U.S. Pat. No. 6,392,752 B1 shows a device for phase-measuring microlens microscopy, wherein a scanning microlens array functions in a manner analogous to an array of interference microscopes to provide phase-sensitive, confocal micro-imaging capability. Moreover, the scanning mechanism can effectively perform a phase-modulation function. In this mode of operation, each image point is scanned by multiple microlenses that have fixed, but different, built-in phase offsets, and the combination of signal acquired from the multiple scans effectively simulate a phase-modulated interference signal. The scanning confocal microlens array can be adapted to provide phase-measuring capability by equipping each microlens with a beam-splitting mechanism that separates the illumination on the microlens into two beams, at least one of which is focused onto and reflect off an inspection sample. The two beams are coherently recombined by the beam-splitting mechanism and are projected onto an element of a detector array, wherein each detector element senses radiation from a particular corresponding microlens. The sample is scanned laterally across the focal point array to build up a synthesised, two-dimensional image of the sample surface.

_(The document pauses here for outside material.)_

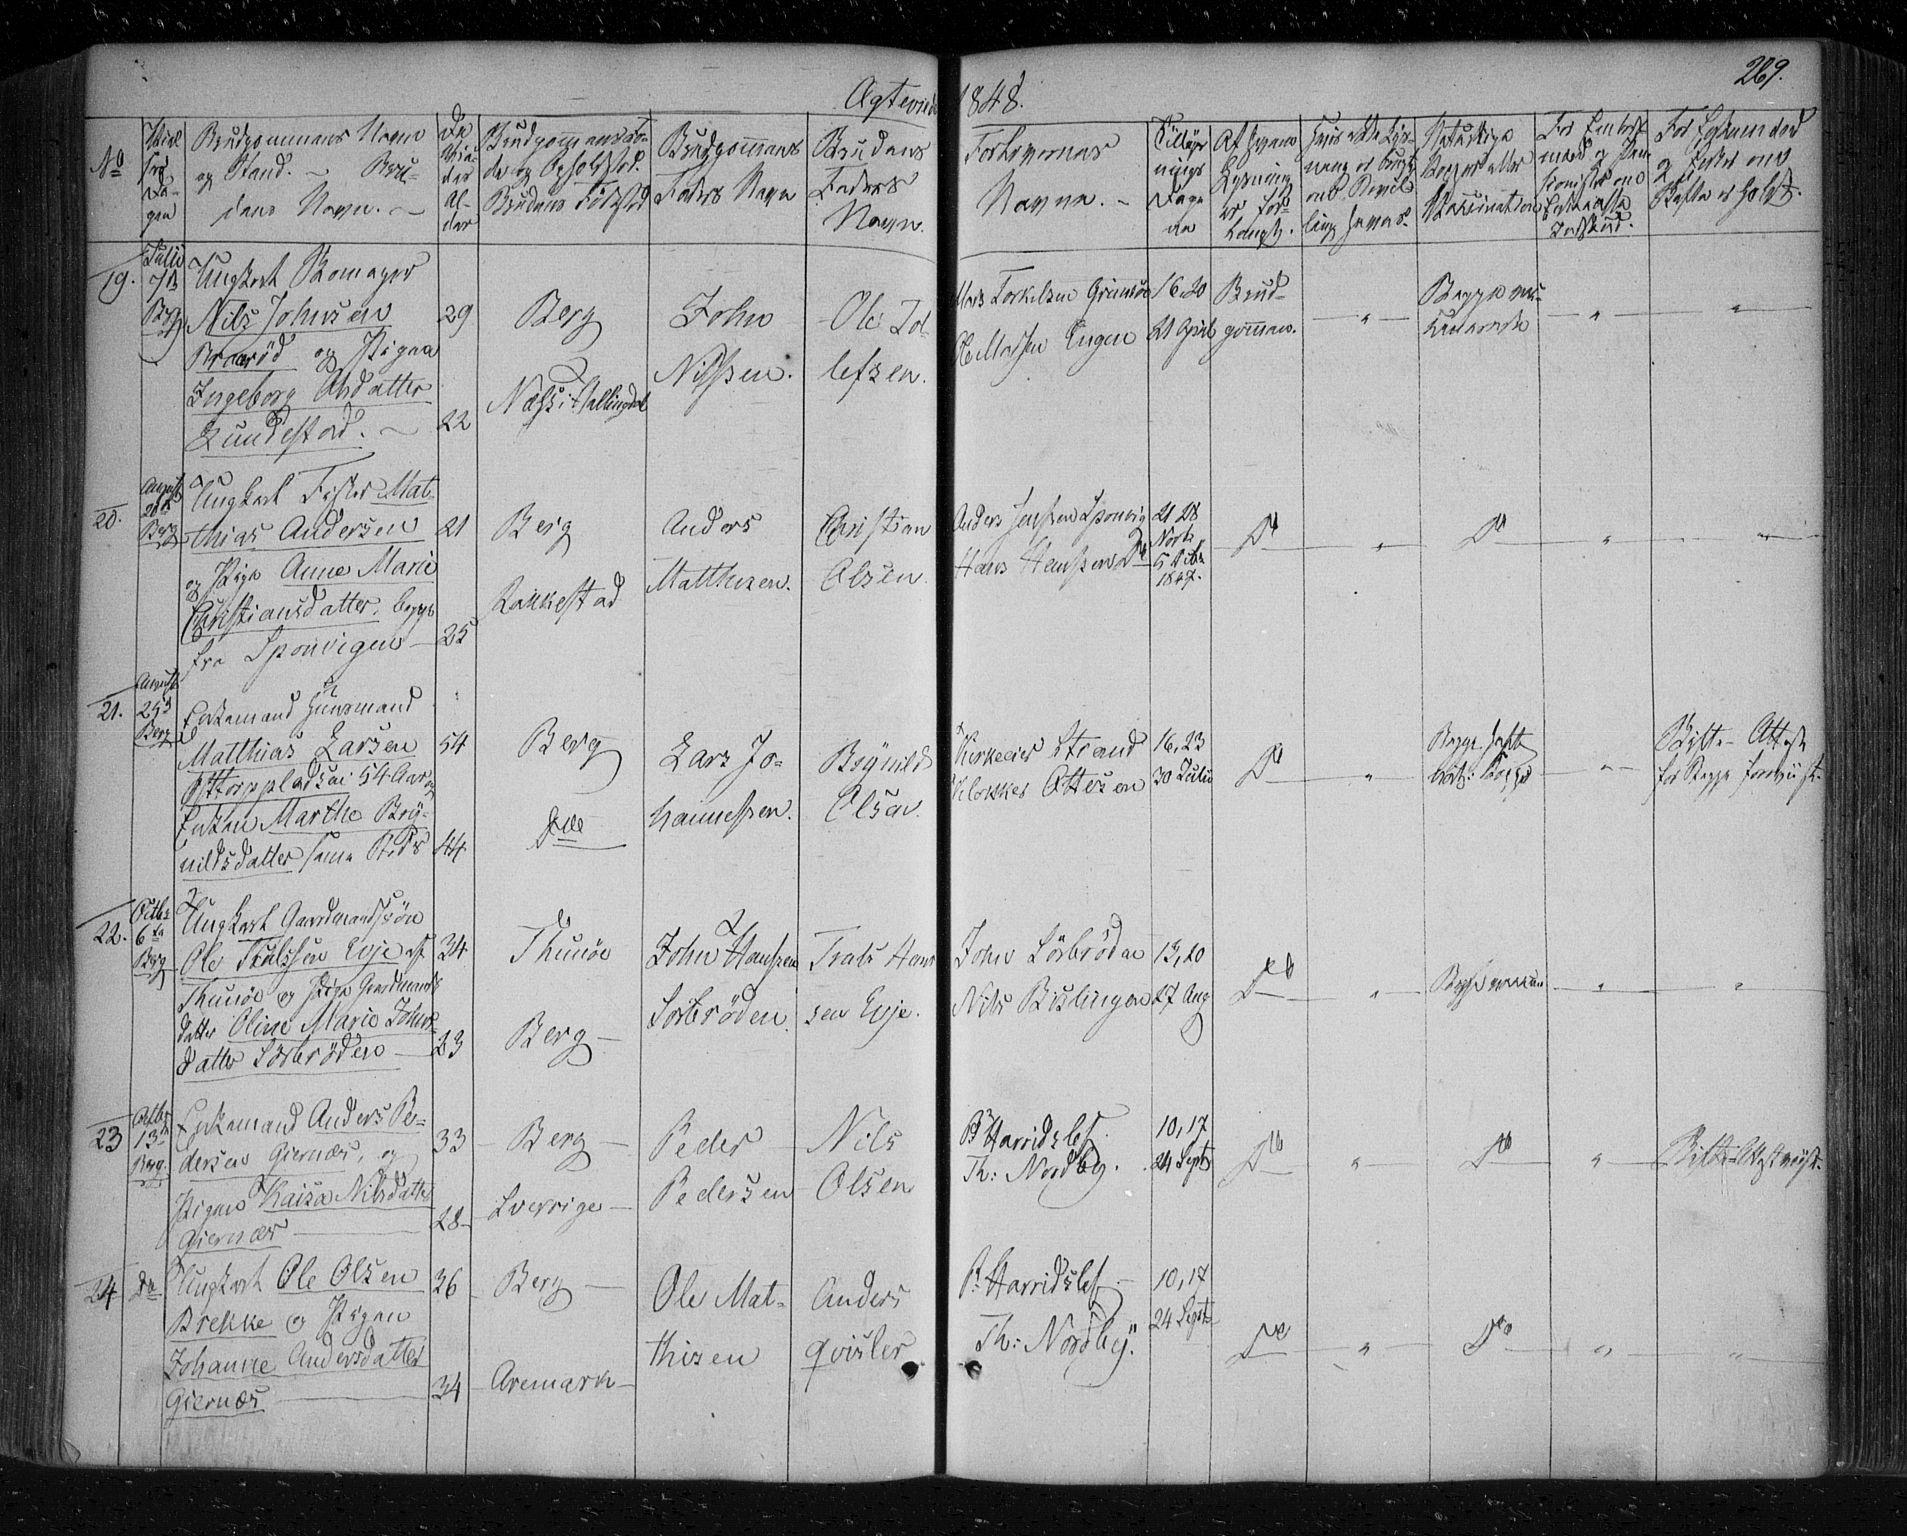 SAO, Berg prestekontor Kirkebøker, F/Fa/L0004: Ministerialbok nr. I 4, 1843-1860, s. 269

Prisms, including the Wollaston prism are, e.g., described in Naumann/Schröder: “Bauelemente der optik”, 6th ed., pp. 504-509.
It is an object of the present invention to provide an optical device and a respective method that show improved beamlet characteristics and thus fast imaging at high fidelity and easier interpretation of data.
The object is solved by an optical scanning device with the features of claim 1. Advantageous scanning devices are given in the subclaims.